The global energy markets are on edge as oil prices have surged past $110 (£82.74) a barrel for the very first time in four years in the midst of the US-Israel war on Iran.
Brent is on track for a record one-day gain as on Monday, Brent crude in Asia was almost 24 percent higher at $114.74.
Not only energy markets, but also the agricultural and industrial sectors have been experiencing the ripple effects of higher oil prices driven by the Middle East conflict.
Given the reverberating impact of unprecedented surge in oil prices, the governments across the world are rushing to shield their economies from the aftereffects of supply chain crunch and soaring prices.

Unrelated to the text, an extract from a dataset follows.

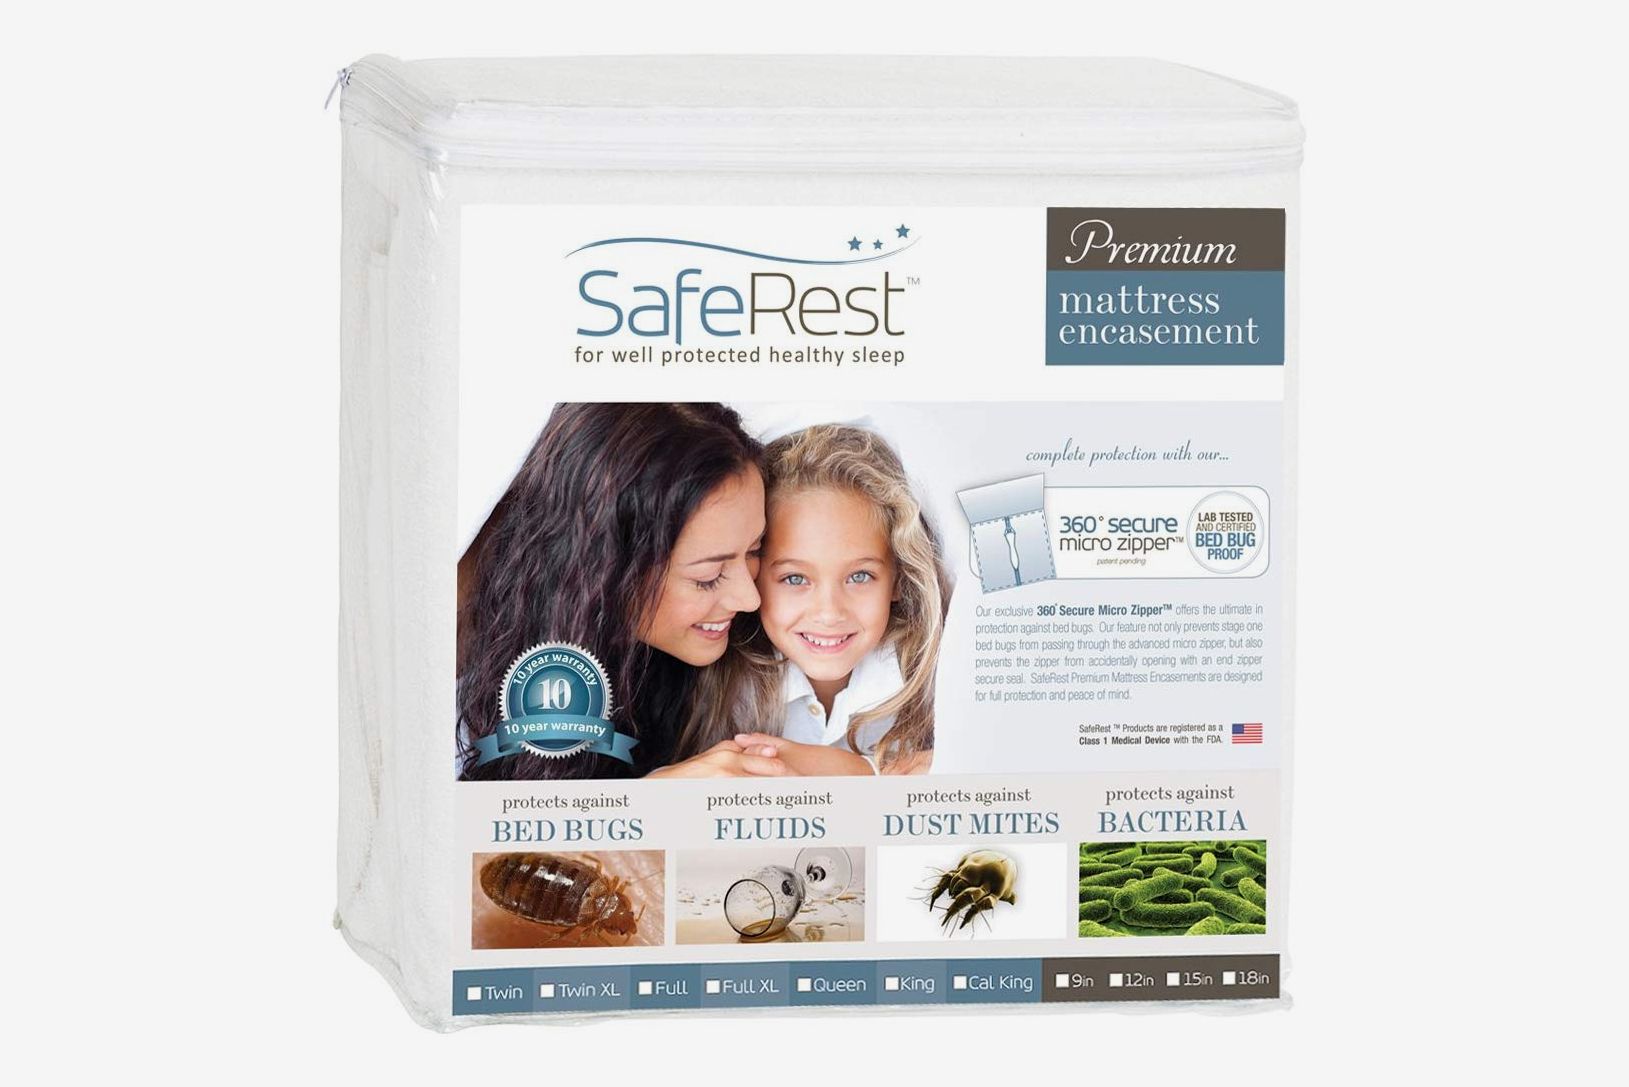 5 Best Bedbug Mattress Cover 2020 The, Does Bed Bug Protector Work

The Japanese government has given instructions to a national oil reserve storage site to prepare for possible release of crude as the escalating crisis in the Middle East sends oil prices soaring 25 percent.

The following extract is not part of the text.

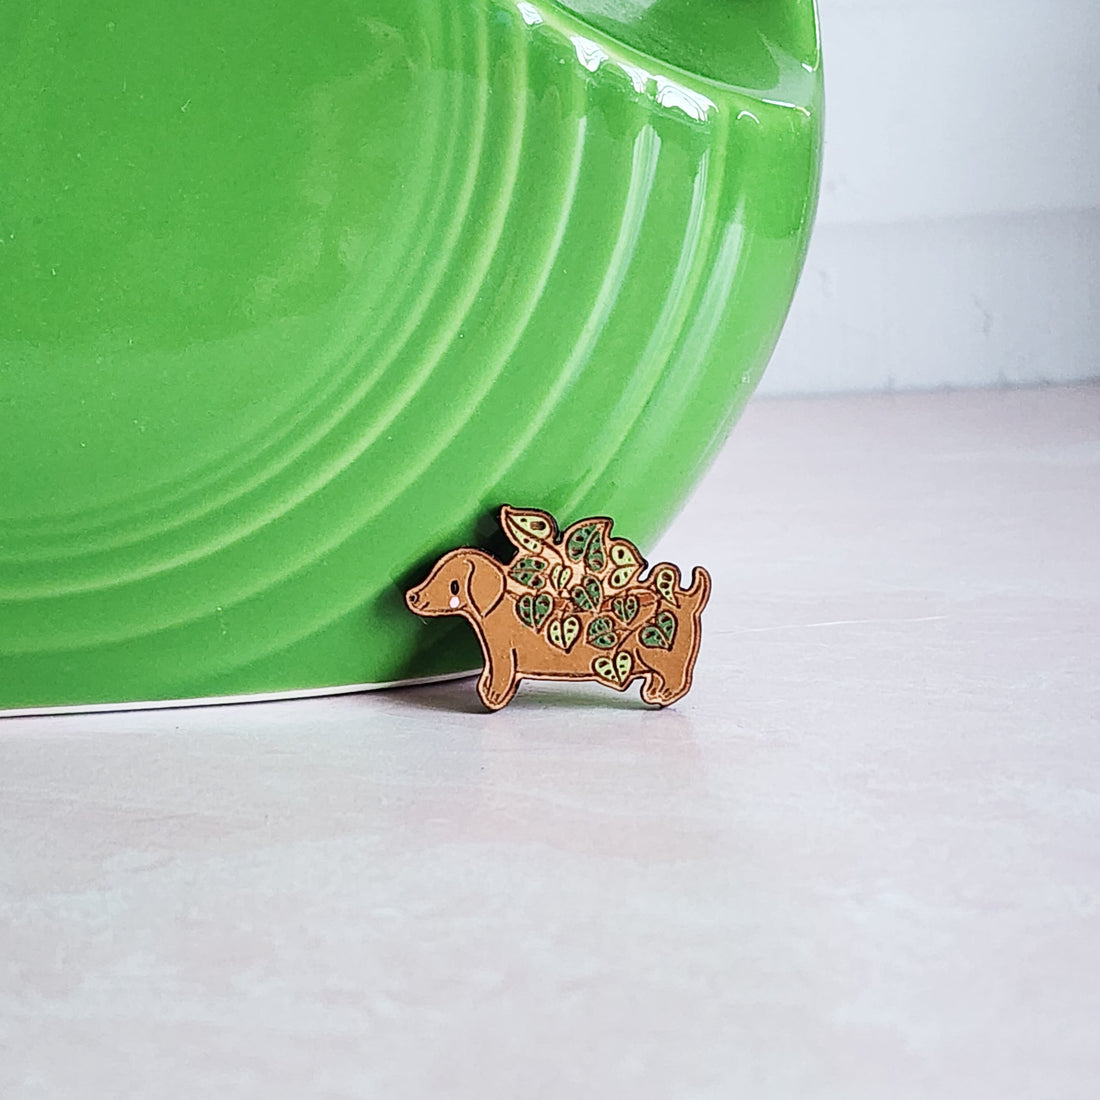 brown dachshund planter pin with leaves in front of a green vase

Japan is hit by the conflict as the country relies on the Gulf region for 95 percent of its crude supplies. Around 70 percent of supplies have passed through the Strait of Hormuz which has been closed following the attacks.
South Korea has also announced on Monday to put a cap on domestic fuel prices for the very first time in nearly thirty years.
While speaking at an emergency meeting on the impact of Middle East crisis, the President Lee Jae Myung said the “government is swiftly planning to introduce and boldly implement a maximum price system on petroleum products "that have recently seen excessive price increases".
Besides imposing the fuel cap, the country will also diversify its energy sources beyond those shipped through the Strait of Hormuz.
In the case of emergency, the government will expand 100 trillion won ($66.94 billion) market stabilisation programme and look for additional measures to mitigate the impacts of volatility.
The Trump administration launched a $20 billion maritime reinsurance plan to encourage shipping through high-risk zones and is fast-tracking oil reserve procurement.
According to Treasury Secretary Scott Bessent, the insurance plan combined with potential Navy escorts should quickly fix shipping in the region marred with the conflict.
Bangladesh has announced extended Eid-ul-Fitr holidays from Monday as part of emergency measures to conserve fuel and petrol.
Pakistan announced a hike of Rs 55 per litre in the prices of diesel and petrol to deal with the surging international oil prices. Moreover, the government has also raised Treasury bill rates to 11 percent –almost 50 basis points more than the State Bank of Pakistan’s policy rate of 10.5 percent to tackle inflation which is going to be exacerbated by the turmoil in the Gulf region.
Vietnam is planning to slash import tariffs on fuels to ensure the fuel supplies amid the supply chain disruptions. The plan is expected to last until April which will reduce state revenue by 1.02 trillion dong.
Since the start of conflict, the domestic fuel prices in Vietnam have soared by 21-23 percent.